> **DATASET EXTRACT**:
*****

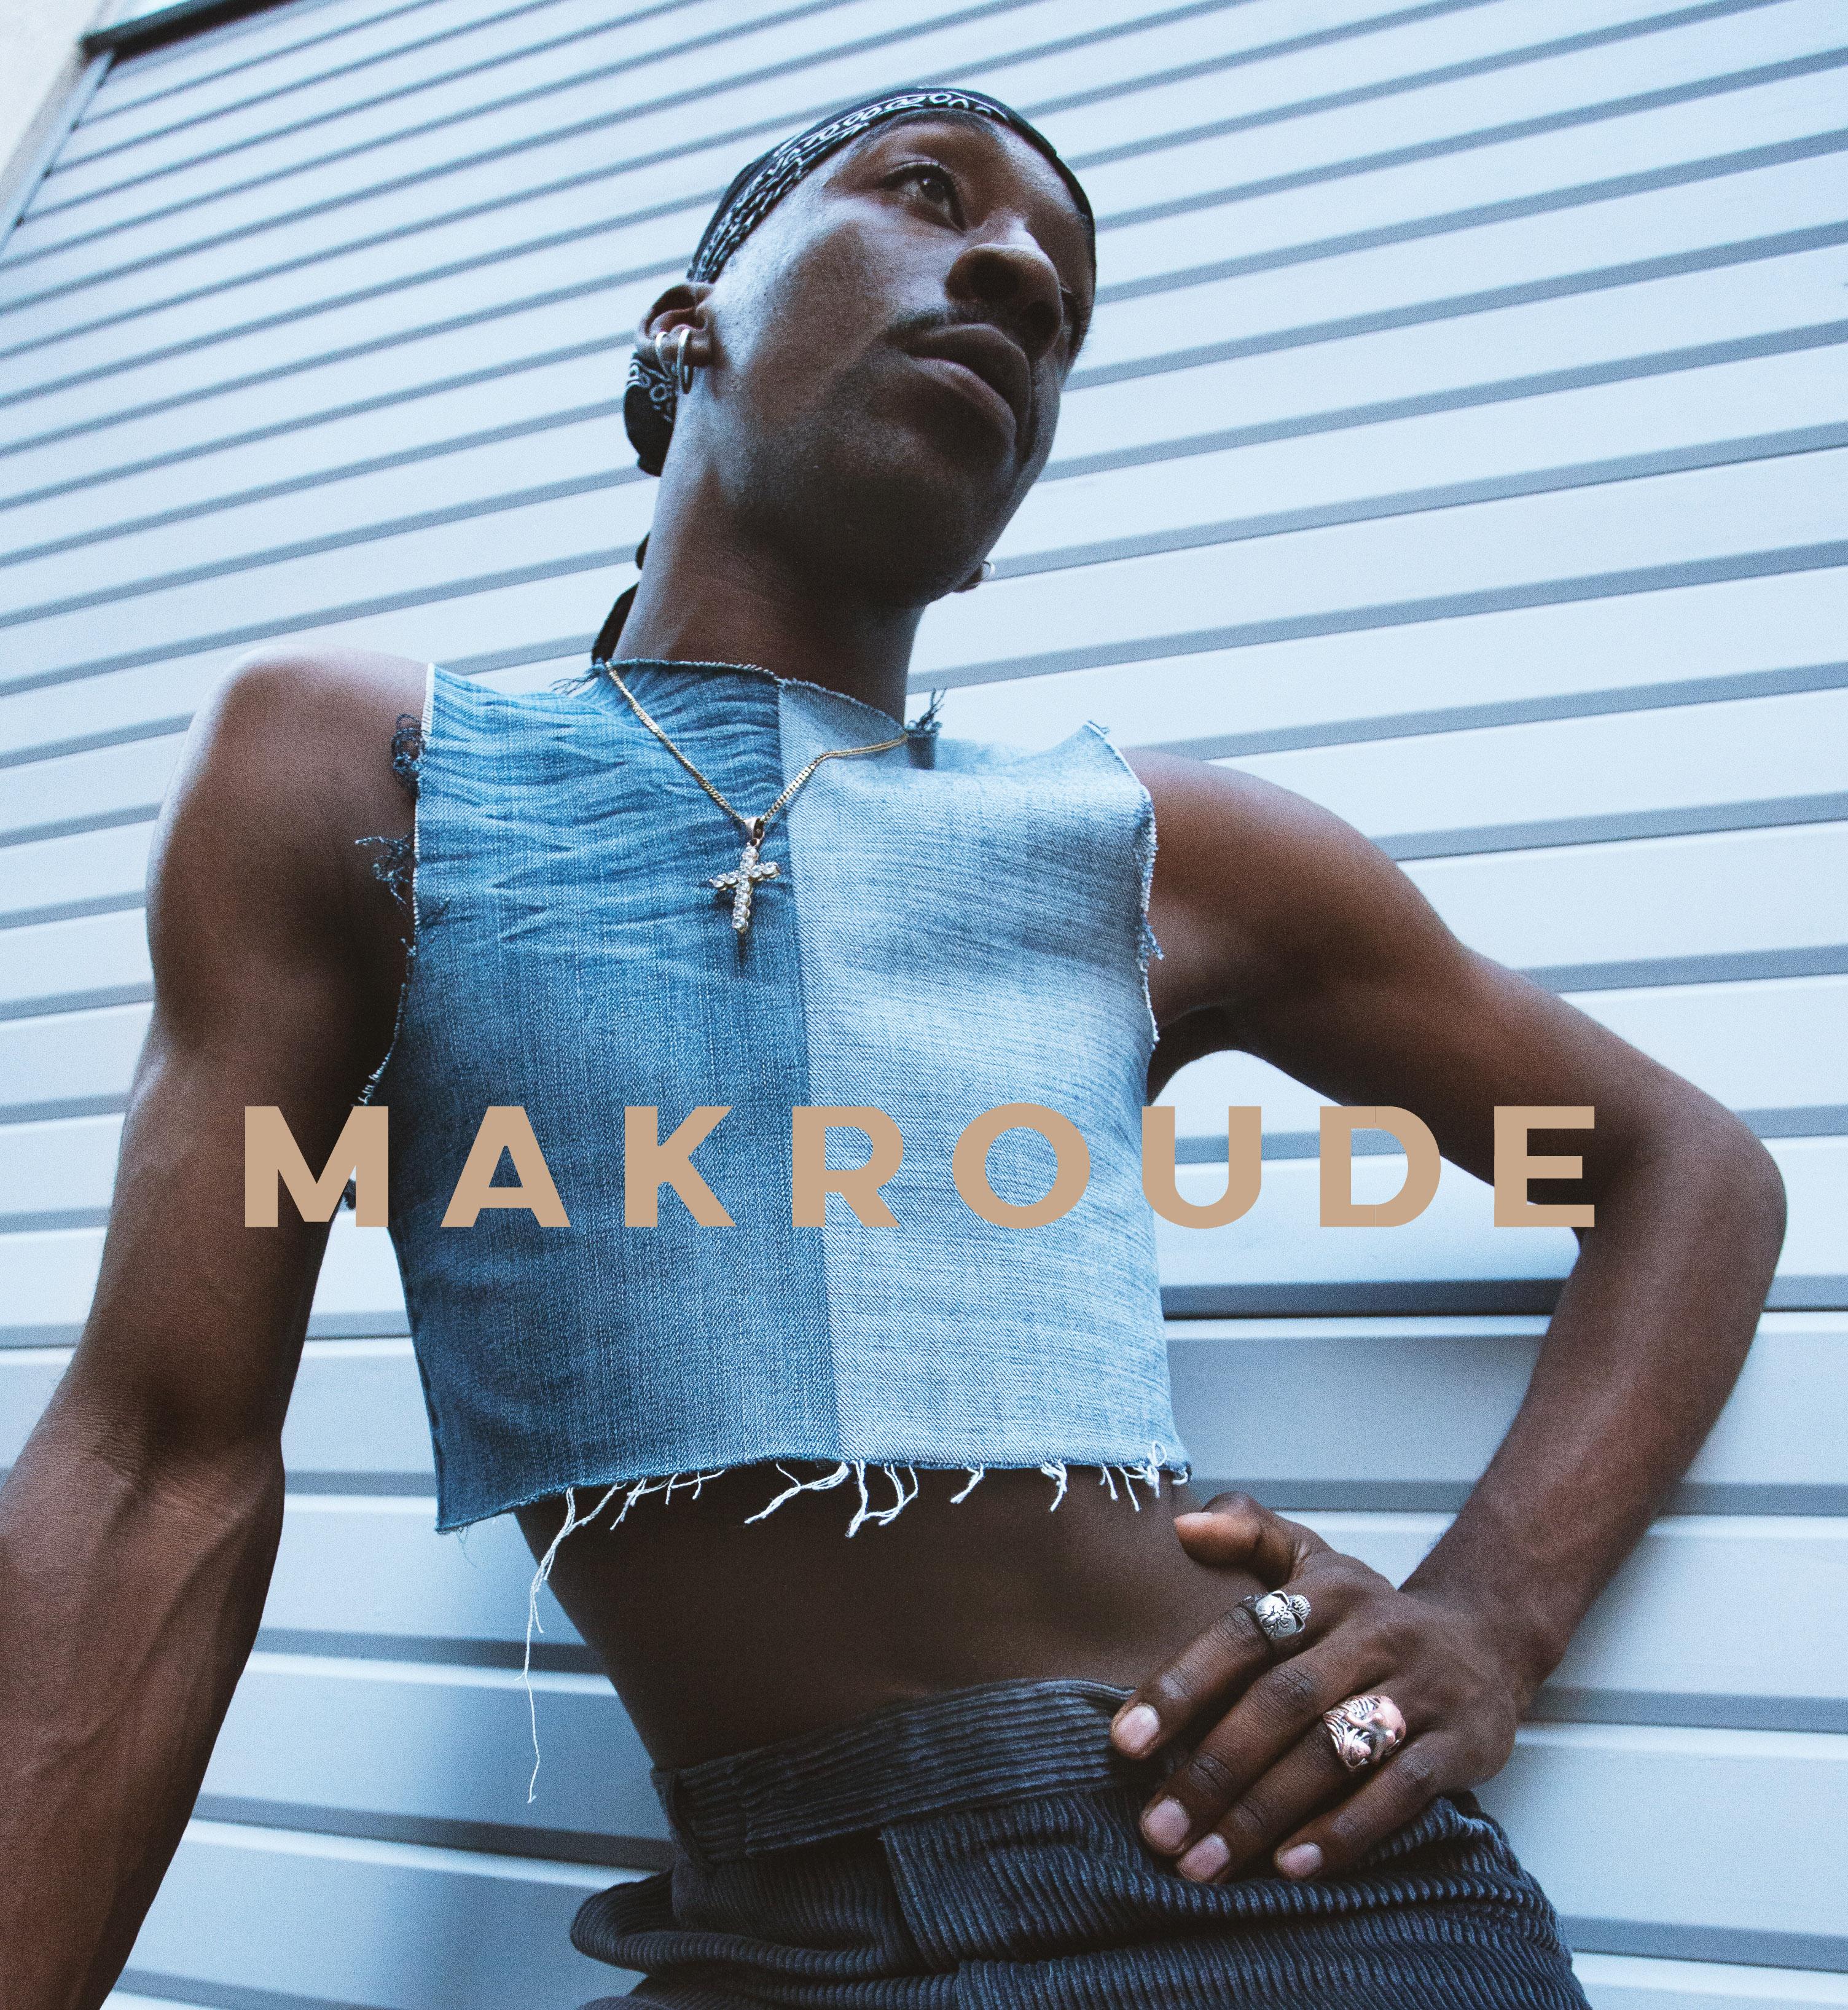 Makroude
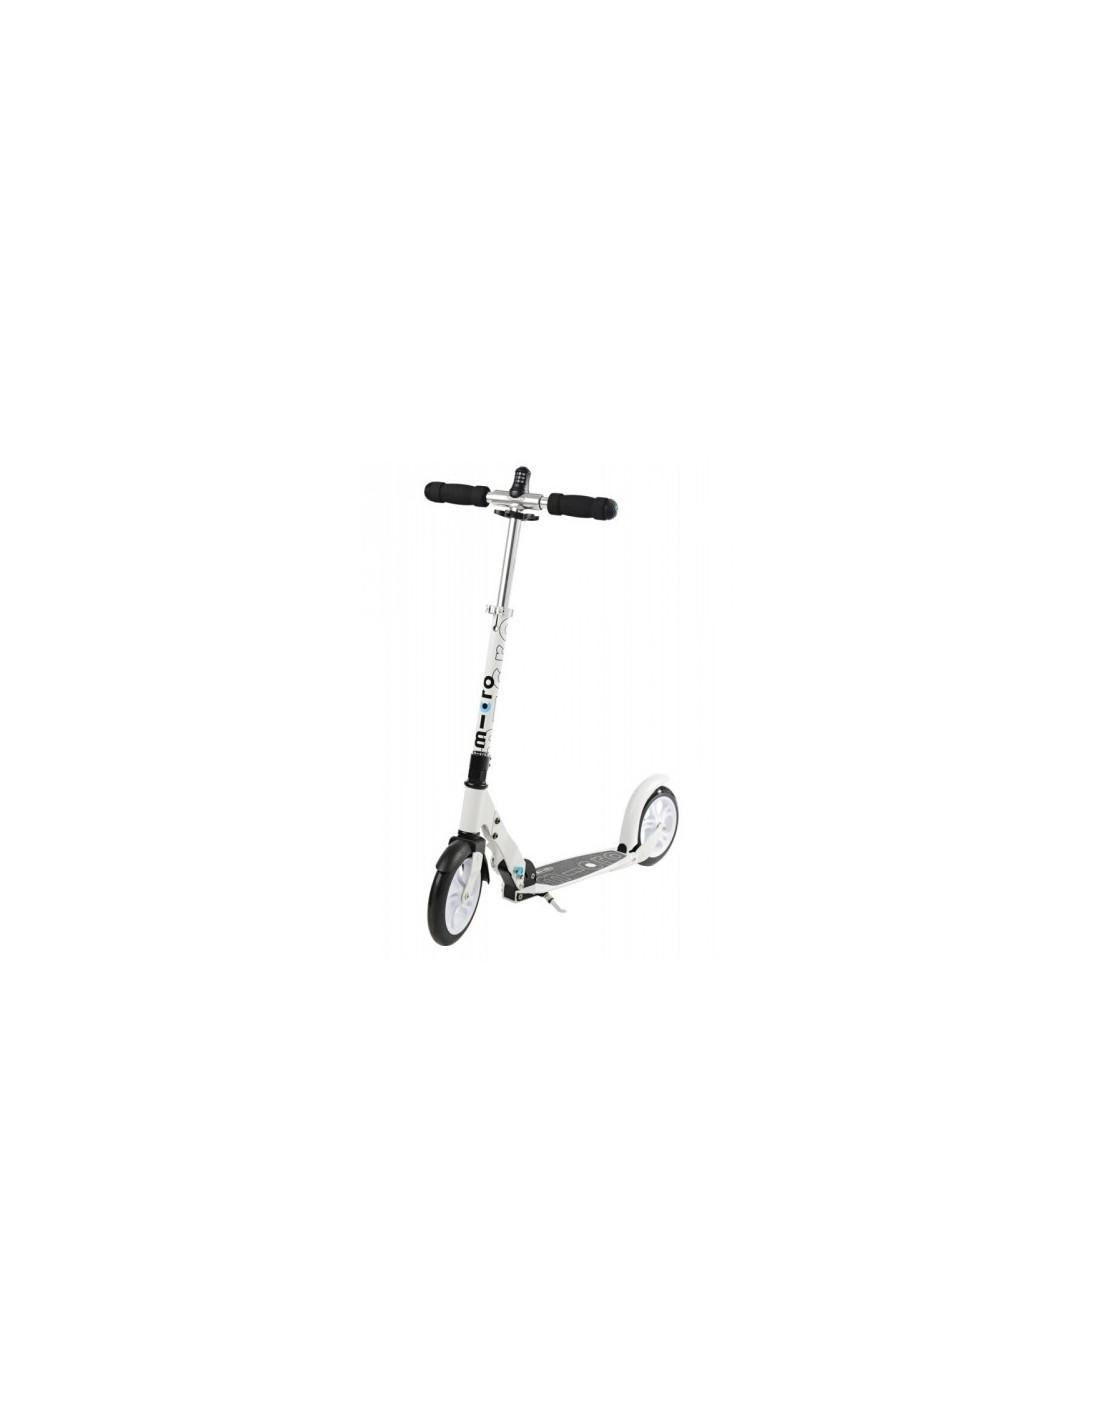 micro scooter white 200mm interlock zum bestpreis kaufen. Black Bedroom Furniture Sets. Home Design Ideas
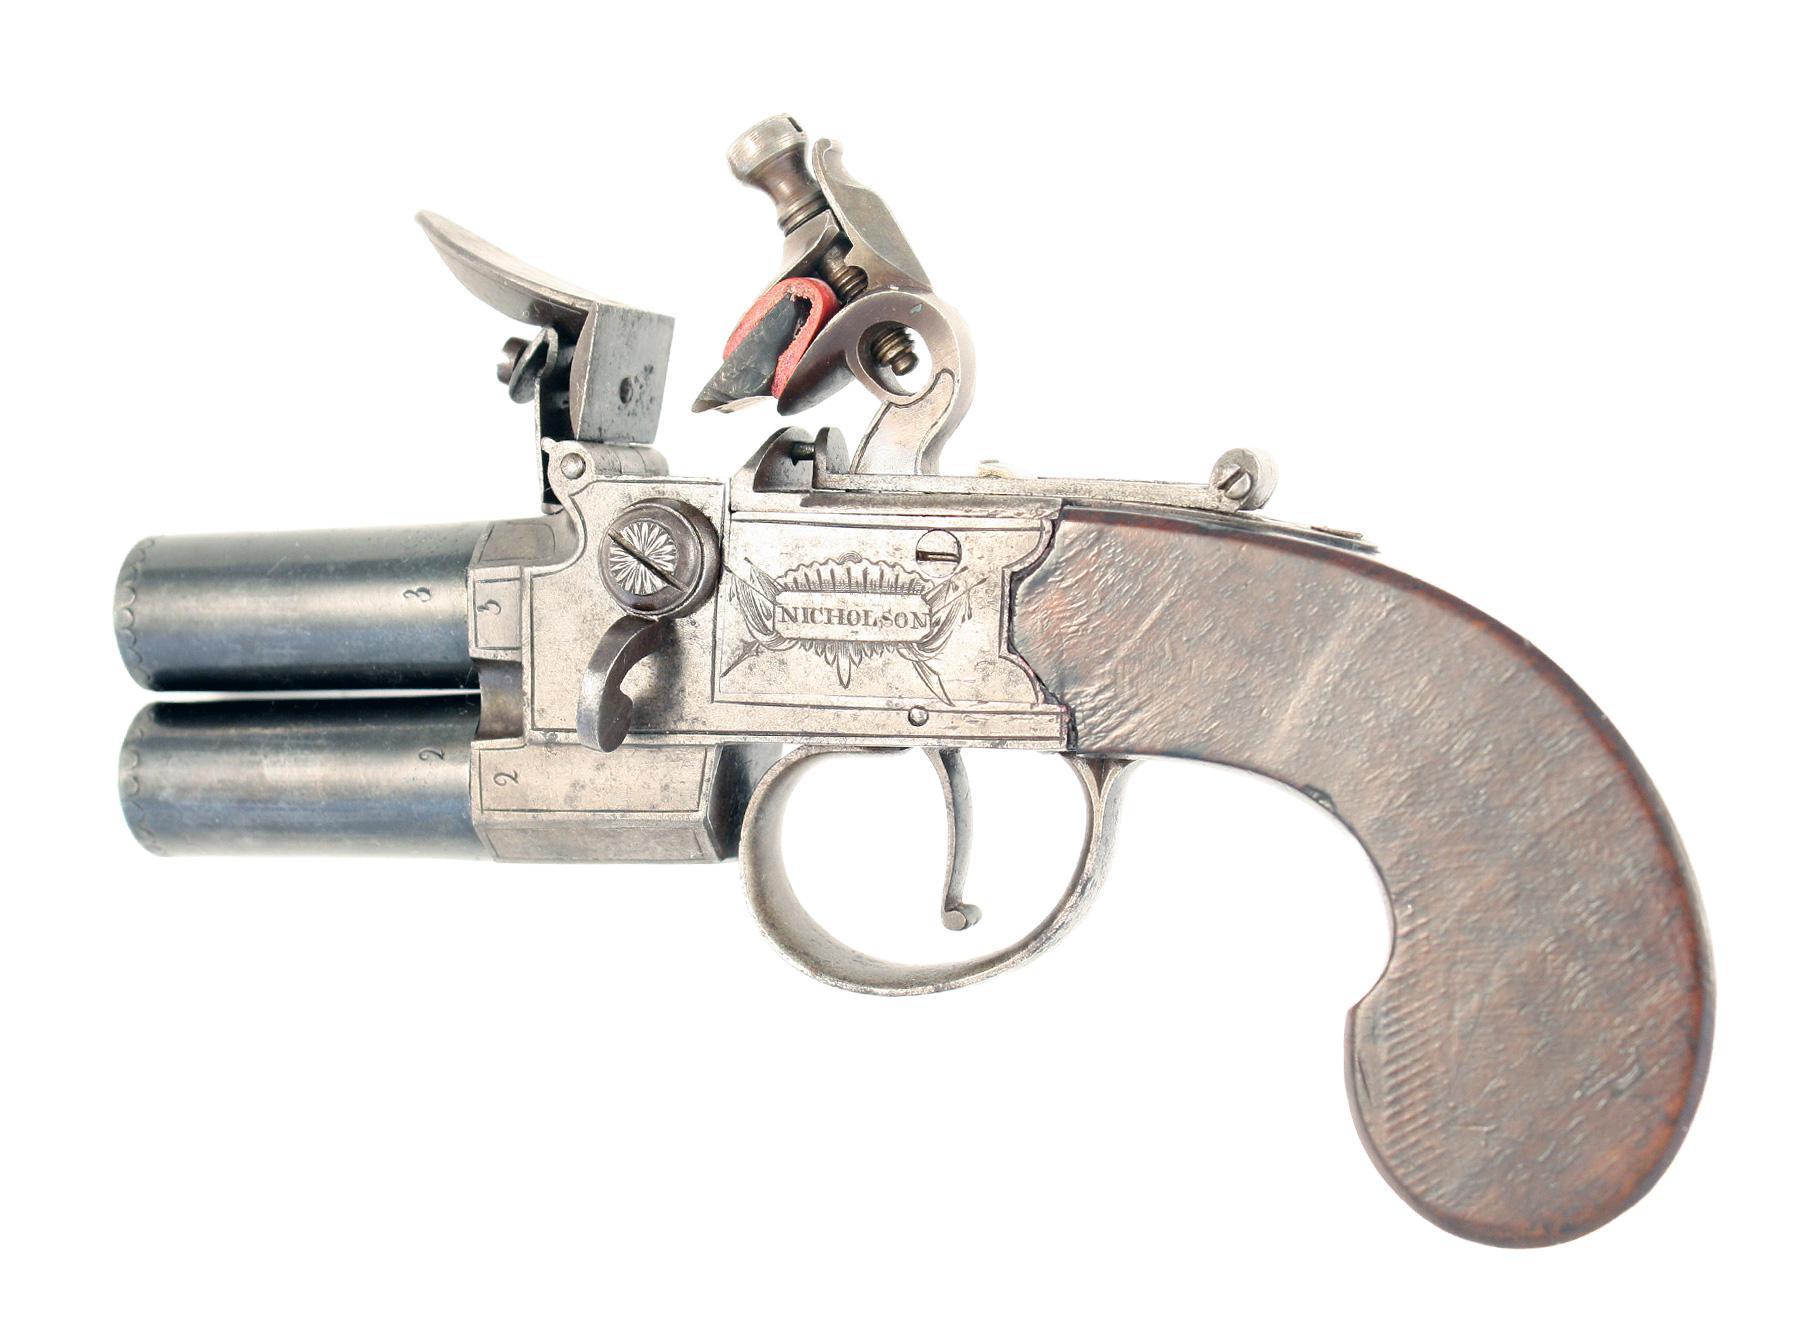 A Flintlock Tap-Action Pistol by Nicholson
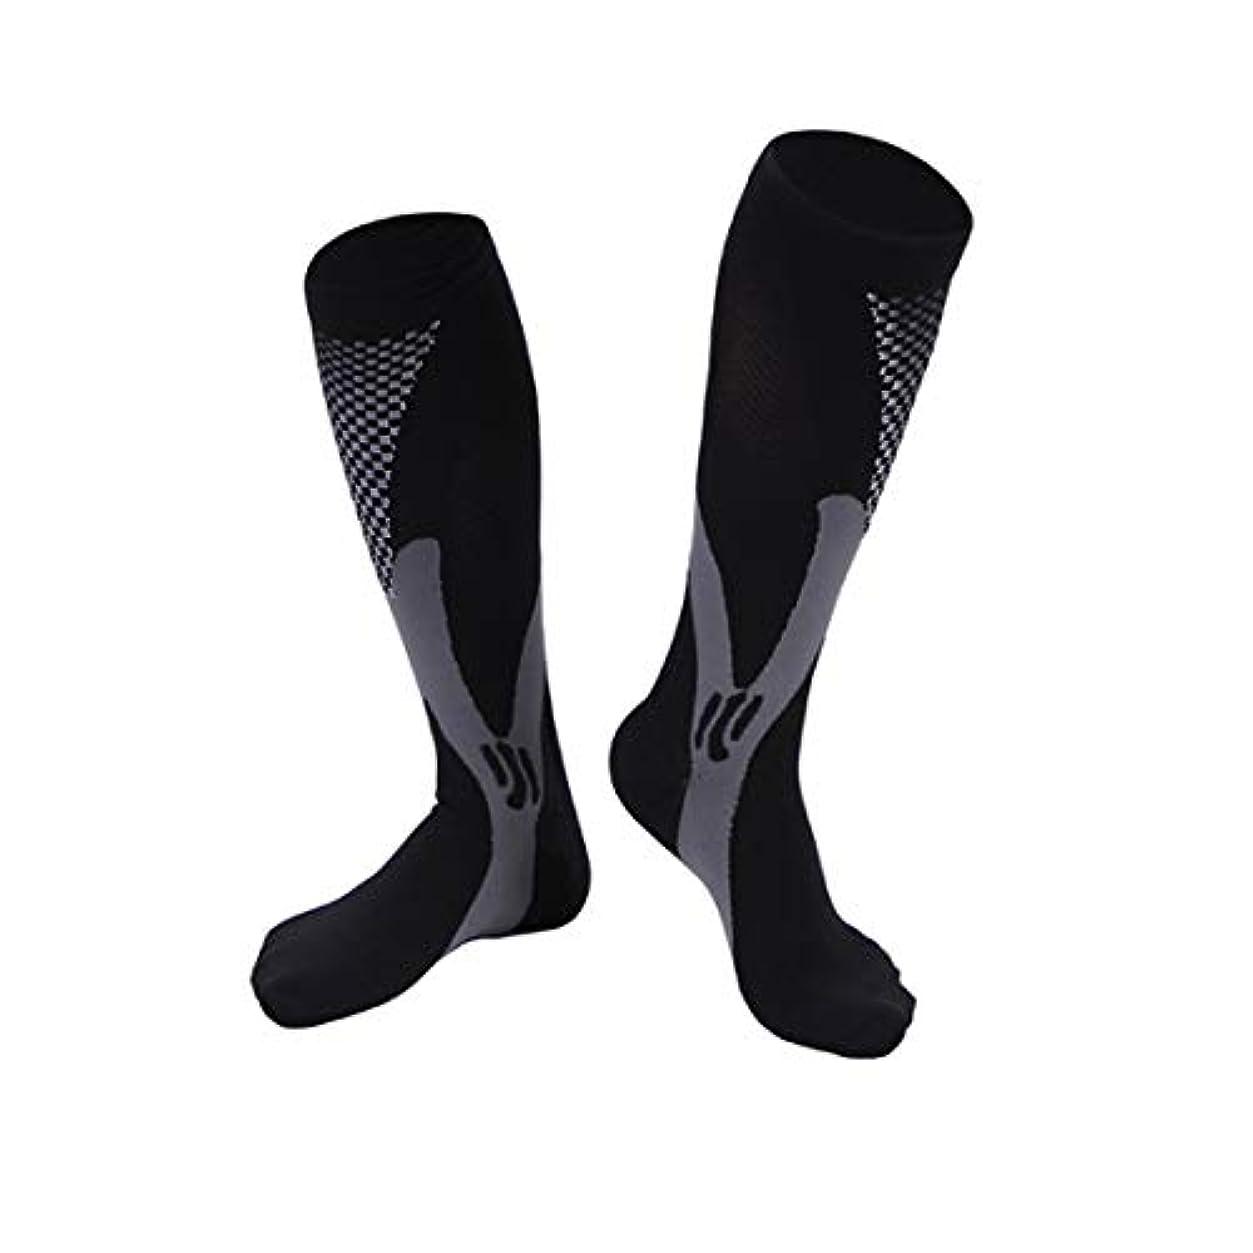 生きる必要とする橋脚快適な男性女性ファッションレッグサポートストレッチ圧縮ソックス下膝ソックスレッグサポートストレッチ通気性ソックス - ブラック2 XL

*****

> **THE PROBLEM**: Nothing but the lines from the one with "A Flintlock Tap-Action Pistol by Nicholson" through the last line of the material above should appear in the answer, each copied exactly, with no pictures.

> **OUTPUT FOR THIS EXERCISE**:
 A Flintlock Tap-Action Pistol by Nicholson
 生きる必要とする橋脚快適な男性女性ファッションレッグサポートストレッチ圧縮ソックス下膝ソックスレッグサポートストレッチ通気性ソックス - ブラック2 XL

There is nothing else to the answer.